A set of computational tools for the visualization and quantitative analysis of cilia-driven particle movement, designed to process TrackMate data from high-speed video microscopy of cultured airway cells.

This package provides the functions to analyze and visualize data from TrackMate exports, complementing the research detailed in our publication on Primary Ciliary Dyskinesia (PCD).

---

### Core Capabilities

* **Trajectory Visualization:** Generate high-quality angular plots that visualize particle trajectory, displacement, and speed.

* **Feature Engineering for Classification:** Automatically extract a comprehensive feature set from track data for input into our XGBoost model for classifying PCD and healthy samples. The feature set could also be used to train and develop new machine learning classifiers. 

* **Standardized Image Generation for CNNs:** Produce normalized trajectory images suitable as direct input for our Convolutional Neural Network (CNN) model.

* **Direct PCD Classification:** Make predictions on whether a sample is from a healthy control or a PCD patient using two pre-trained models: an XGBoost model for feature-based classification and a CNN for image-based classification.

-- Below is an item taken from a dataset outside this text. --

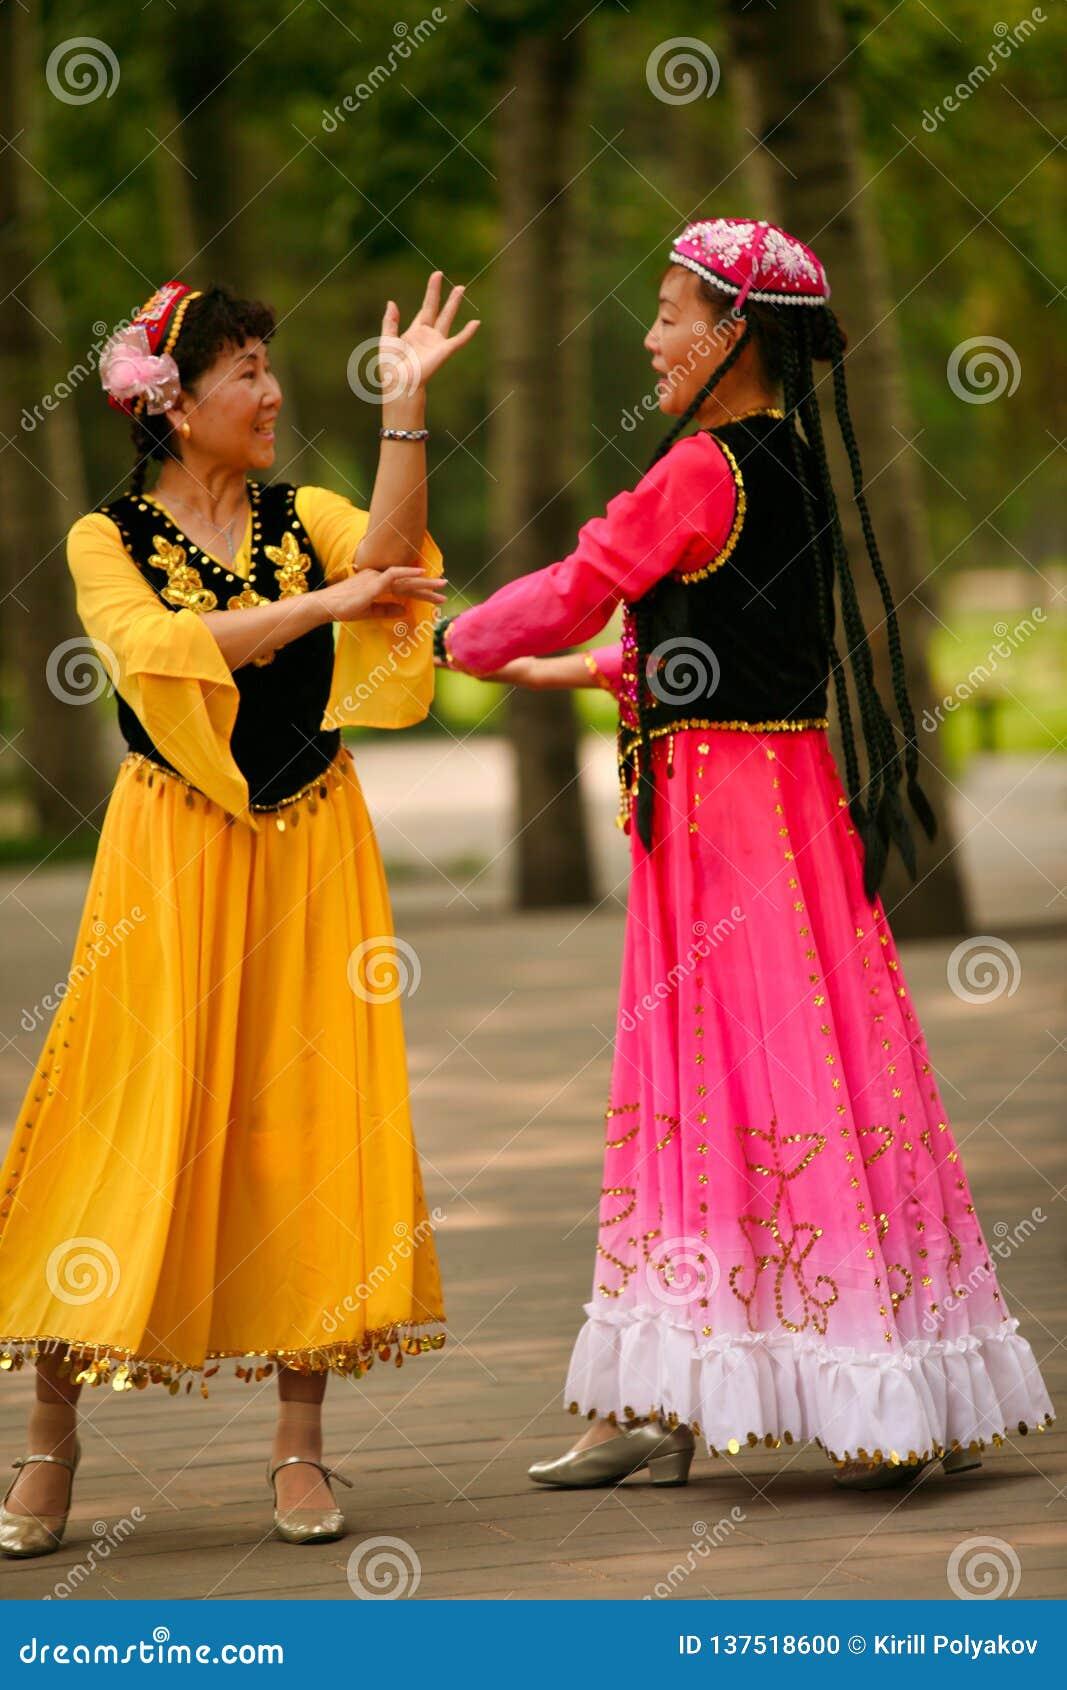 Пекин, Китай 07 06 2018 2 счастливых женщин в ярких платьях танцуют в парке

* **Automated Fiji ImageJ Script:** This repostiory contains a Jython script that automates the entire particle tracking analysis workflow 
---


### Installation

There are two ways to install `CiliaTracks`:

**Option 1: Install from PyPI (Recommended)**

The easiest way to install the package is from the Python Package Index (PyPI). This will provide the latest stable release.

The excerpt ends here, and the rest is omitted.